Problem statement: Word for word, restate the lines of the listing below from the line with "Pin by Iyan" through the line with "Fresh green beans", and do not include the pictures.

───── Data

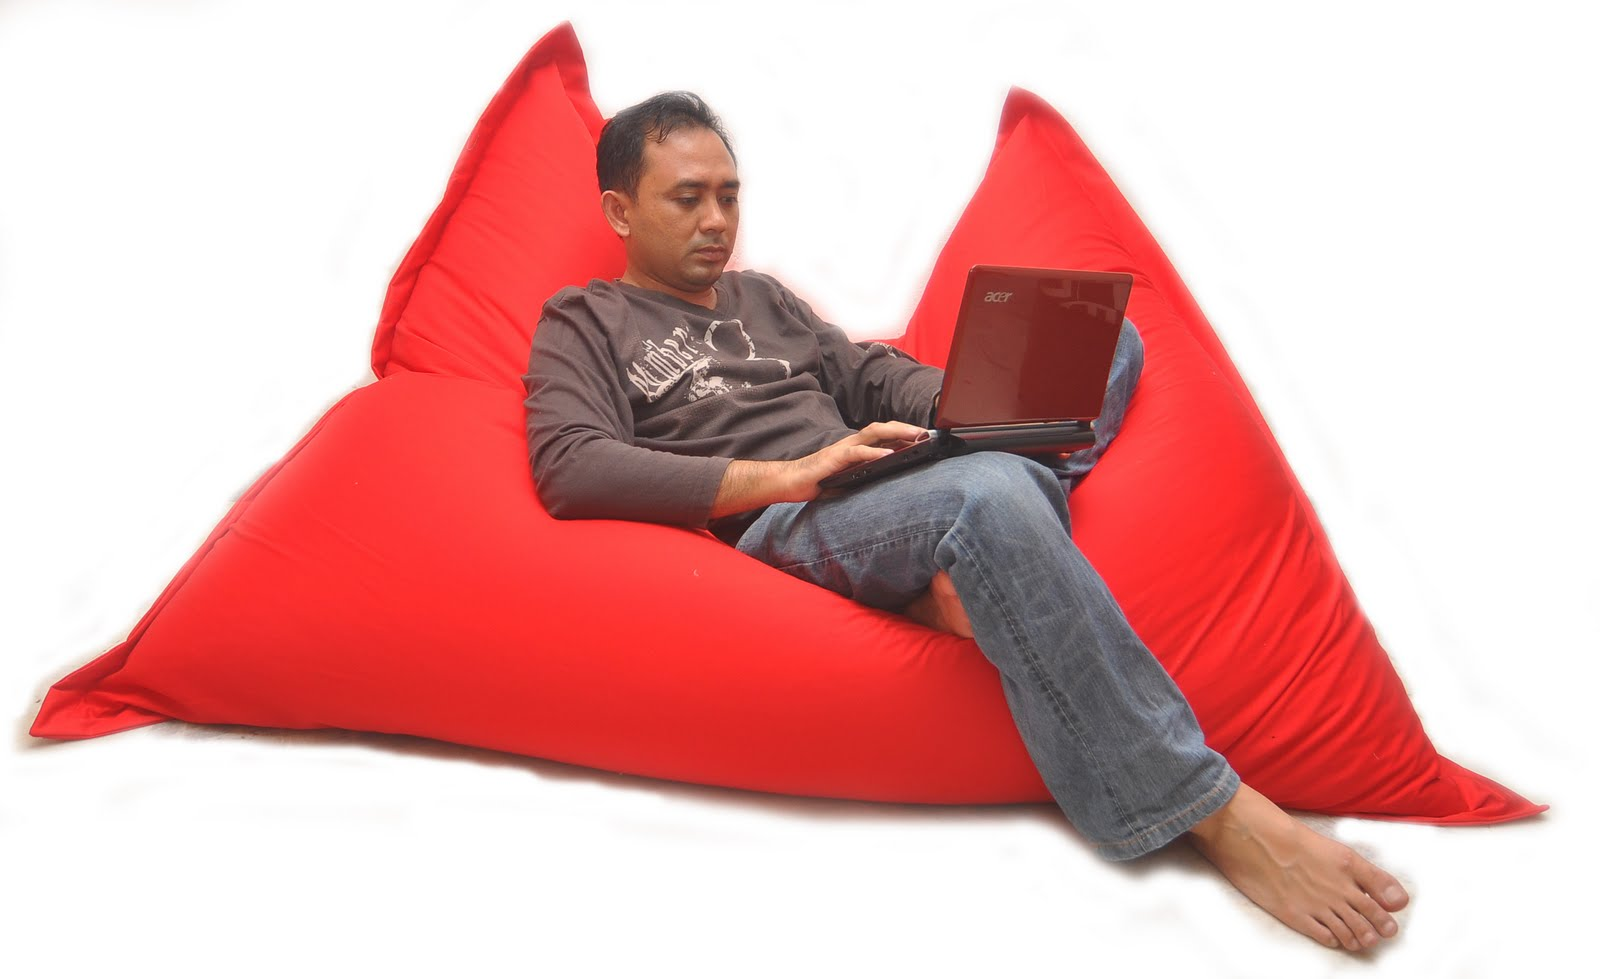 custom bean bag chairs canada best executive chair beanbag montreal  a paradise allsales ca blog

──────────
───── Data

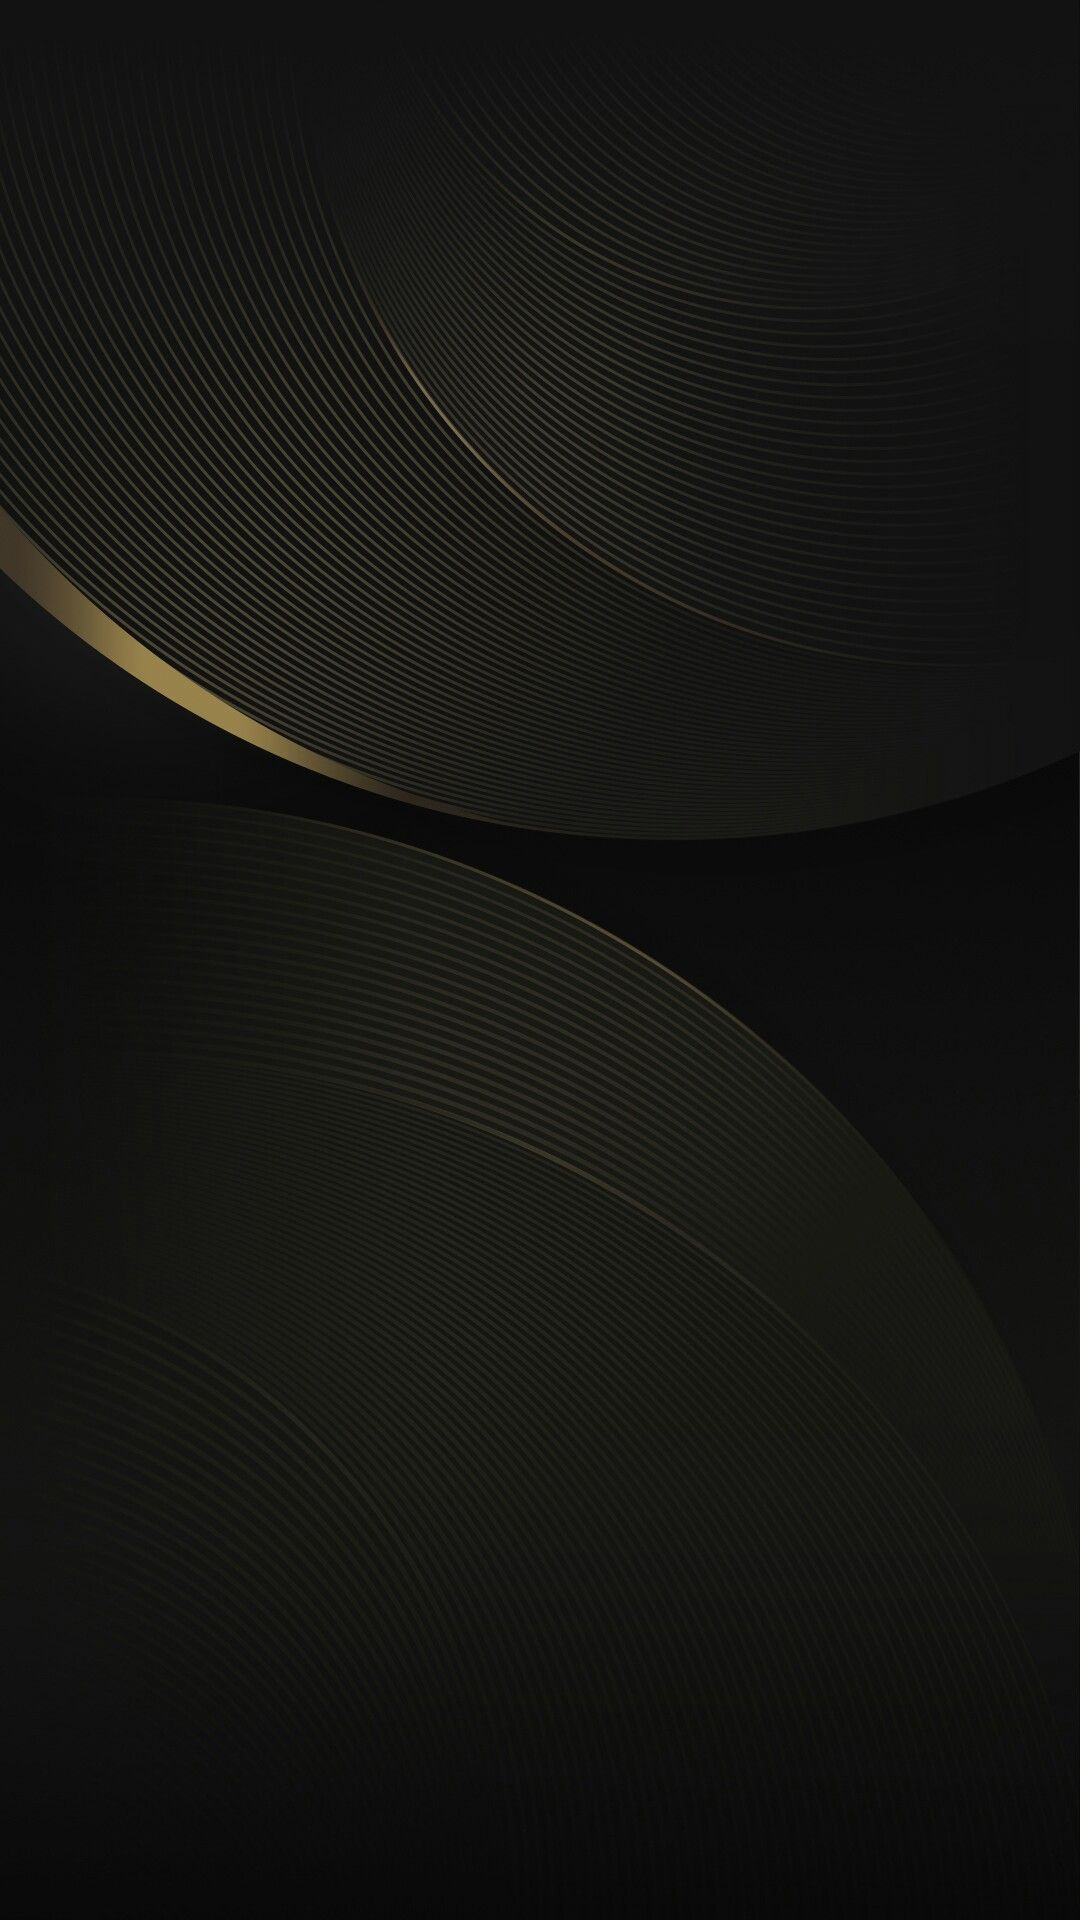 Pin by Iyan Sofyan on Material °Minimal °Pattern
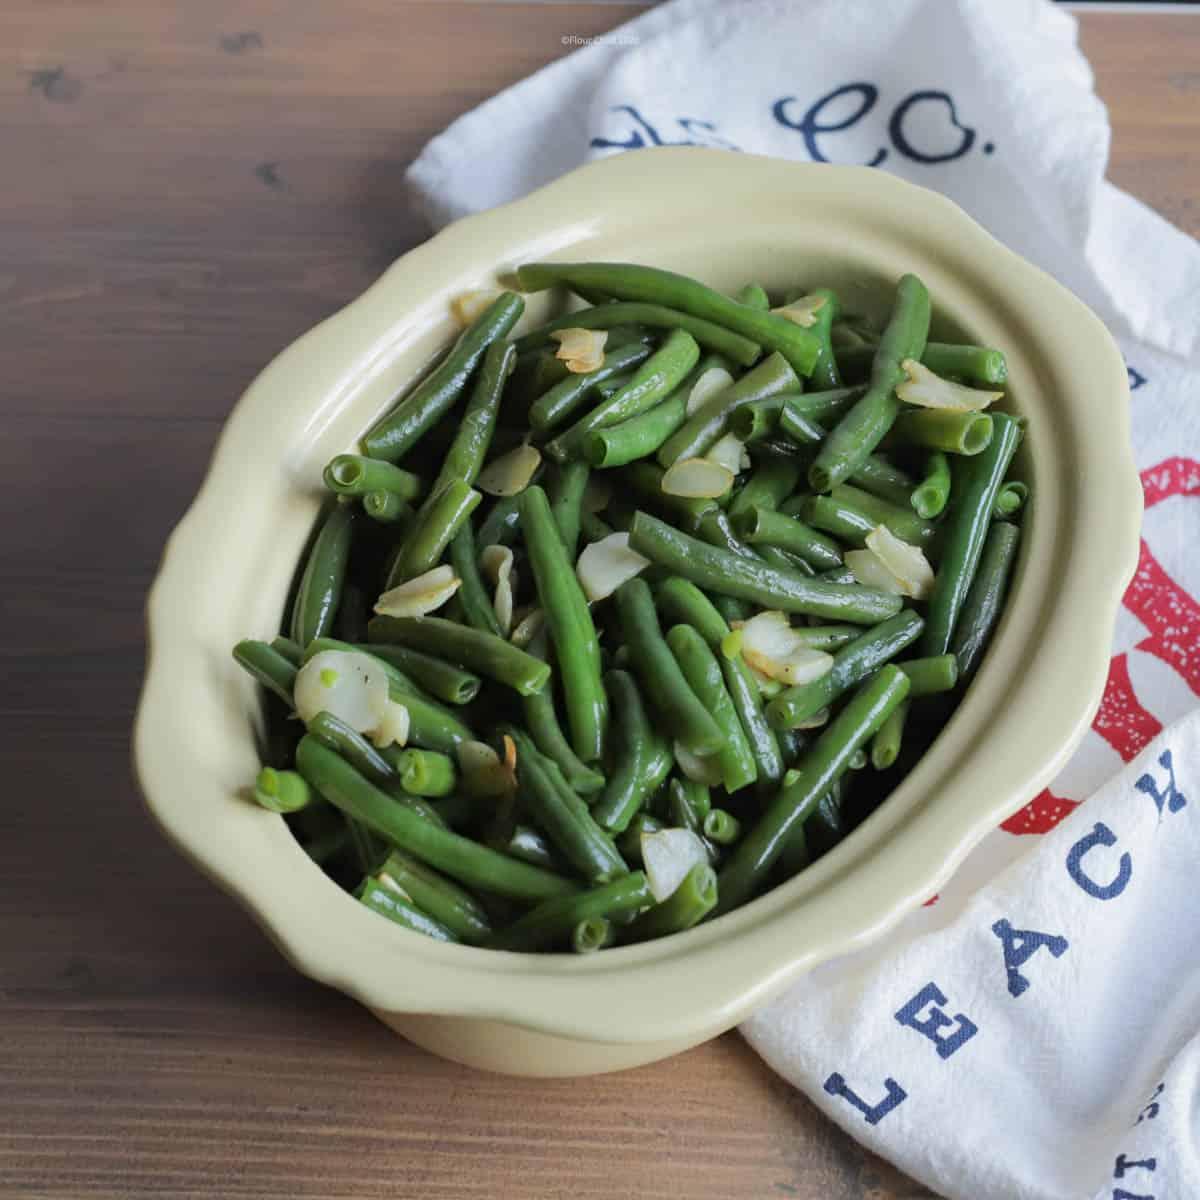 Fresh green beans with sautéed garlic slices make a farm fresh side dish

──────────
───── Data

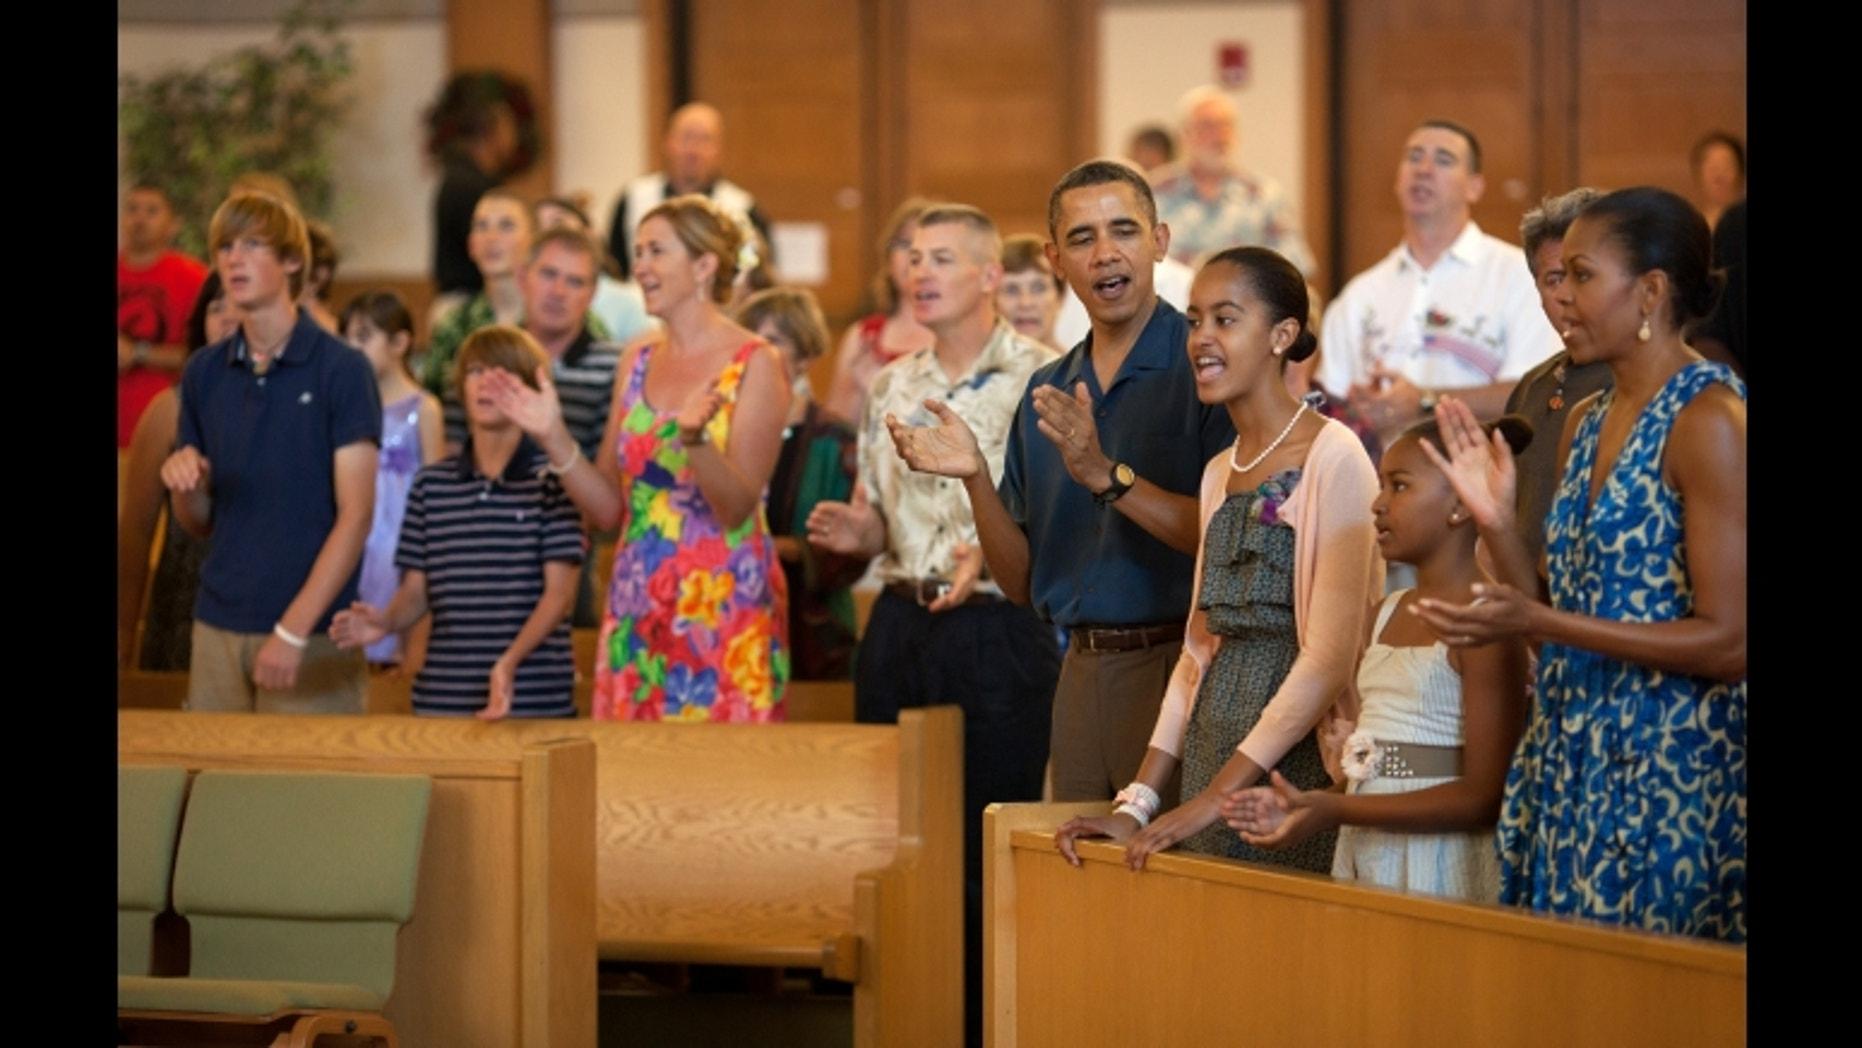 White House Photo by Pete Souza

──────────

Solution:
 Pin by Iyan Sofyan on Material °Minimal °Pattern
 Fresh green beans with sautéed garlic slices make a farm fresh side dish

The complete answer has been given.